Потом они садились за круглый стол, накрытый бумагой, то есть садились он и Женя. Дамы приносили мешочек фасоли, клали перед братом и усаживались на диван. И начиналось. Женя, преодолевая волнение, становился очень серьезным. Опять потирал свои высохшие ладони, потом стискивал их, они неприятно хрустели, будто демонстрировали собравшимся, что Женино тело состоит из костей, косточек, неплотно соединенных между собой тонкой кожистой перепонкой. Молча высыпал фасолины на бумагу, а потом брал по две и отодвигал в сторону. Повторял так много раз, и на С. нападала сонливость. Он мысленно возвращался на службу, рассеянно вспоминал рабочий день: затхлый воздух кабинетов, узор персидского ковра около стола, чье-то лицо, случайно замеченное на лестнице, документы на подпись, силуэт Риты, решающей кроссворд из «Пшекруя». Дрейфовал среди этих образов, задремывая под бормотание старика.

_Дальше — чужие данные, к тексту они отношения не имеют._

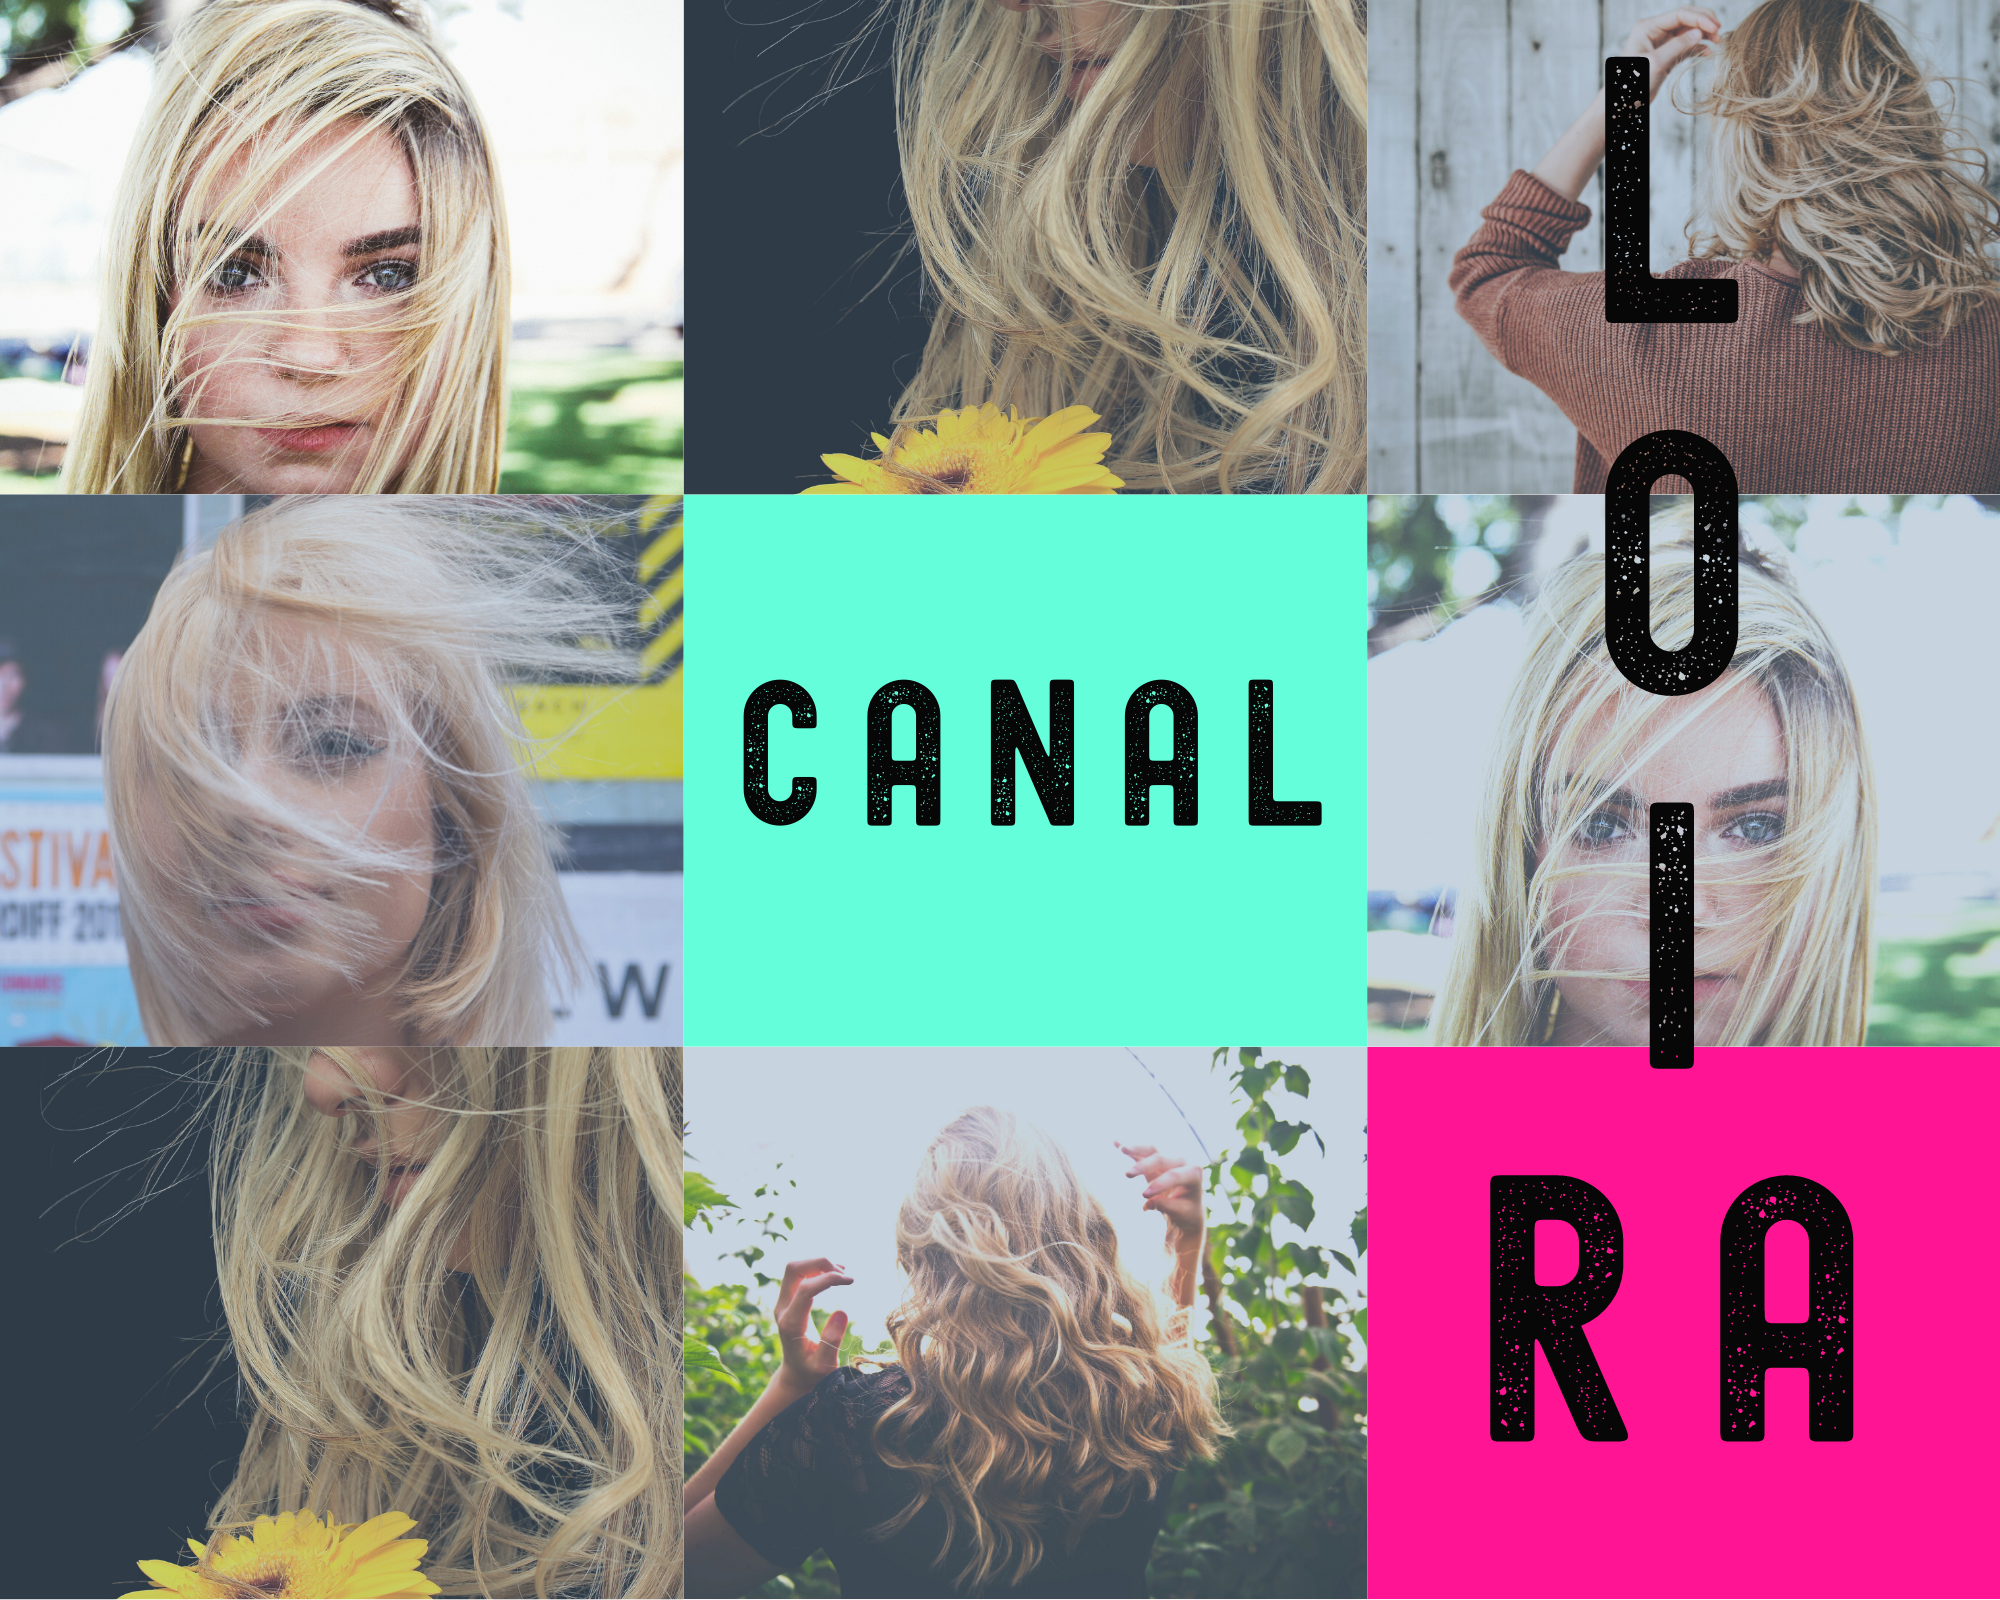 Start Your Day1 - Canal Cortes de Cabelo

Женины пальцы перебирали зерна фасоли, ударяющиеся друг о друга с сухим приятным потрескиваньем. И всякий раз С. думал, что устал, что перерабатывает и – что хуже всего – его усилия не только напрасны, но даже подозрительны, как, впрочем, и всё вокруг. Он расслаблялся и почти засыпал. Женя химическим карандашом рисовал между фасолинами какие-то, казалось, бессмысленные линии. И начинал говорить. «Застой, застой», – повторял он, например. Или: «У человека справа от тебя есть идея, которая приведет к опасной перемене. Этого не удастся избежать. Чтобы быть готовым, ты должен узнать его замыслы. Человек слева от тебя болен, и ему угрожает смерть. Да, наверное, он умрет». – «Каждый умрет, – не могла смолчать Уршуля. – Это неточная информация. Ты должен сказать, когда умрет». Женя, недовольный вмешательством, склонялся над фасолью, моргая от напряжения. «Откуда я знаю, когда. Если ты такая умная, сама сюда садись». С. во время этих препирательств раздумывал, кто может быть этот «справа», а кто «слева». Идет ли речь о расположении комнат или Женя использует какие-то неясные метафоры? Кто более «левый», а кто «правый»? Имеется ли в виду мировоззрение или политические взгляды, а может, левый и правый – это какая-то моральная оценка?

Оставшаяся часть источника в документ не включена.